Started about as soon as I bought the car 1.5 years ago. It had 138k when I bought it so I haven't been killing the thing. As soon as I pull into the drive from the dealership, the check engine light comes on. O2 sensors are bad. Easy fix, I replaced them but the problem continued. The truck started misfiring. I replaced the plugs, wires, and the fuel filter. Normal routine stuff that the truck needs at 140k.

Problems continue but they're intermittent. Life got busy for about 8 months and I drove it for a while with minimal problems and just the occasional random misfire. After things slowed down a bit, I decided I'm going to fix this thing once and for all. I replace the O2 sensors again and run some diagnostics. The truck is running rich and I took it to a trust mechanic. They told me that one of my injectors are dumping fuel into the engine. I buy 2 injectors and start swapping around. Nothing works and I decided to replace all the injectors with some brand new ACDelco injectors.

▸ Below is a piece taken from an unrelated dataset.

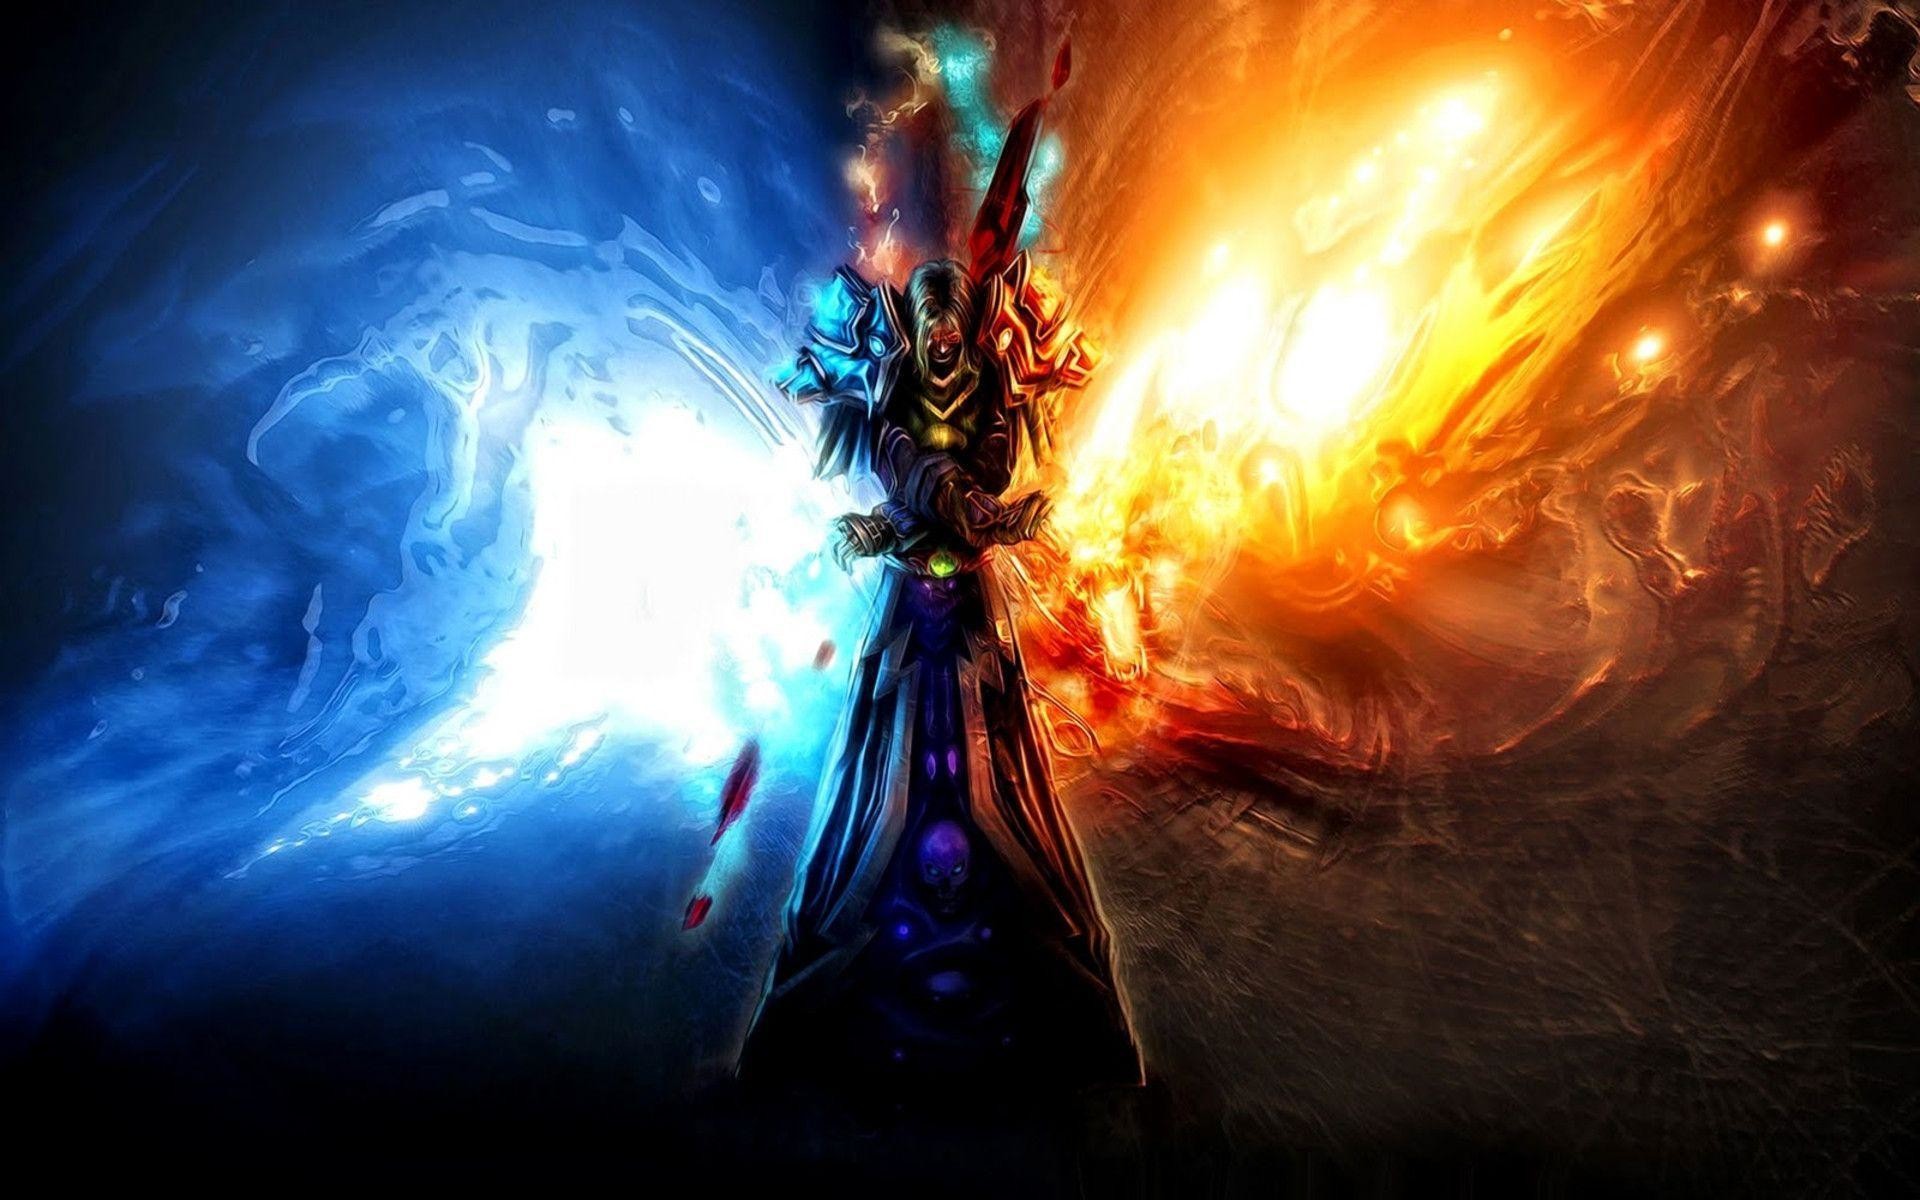 1920x1200 Net Cool Ice And Fire Backgrounds Awesome Fire Backgrounds - Wallpaper Cave  Cool Ice And Fire Backgrounds ...

Truck starts running like absolute garbage. Running on only 4 cylinders. Misfiring on 2, 4, 6, and 8. I give up and take it to the mechanic (who has 40 years of experience). After he ran compression test (checked out), replaced the O2 sensors again, and ran some other diagnostics, he can't figure it out. He thinks that it's the computer giving out but he can't be sure. He quotes me for $525 to put in a used computer and to flash it. I'm reluctant to pull that trigger because it might not even be the right solution.

Can anyone please lend me a hand? I'm about to give this truck to a dealership for next to nothing and go lease a Ford or a Ram...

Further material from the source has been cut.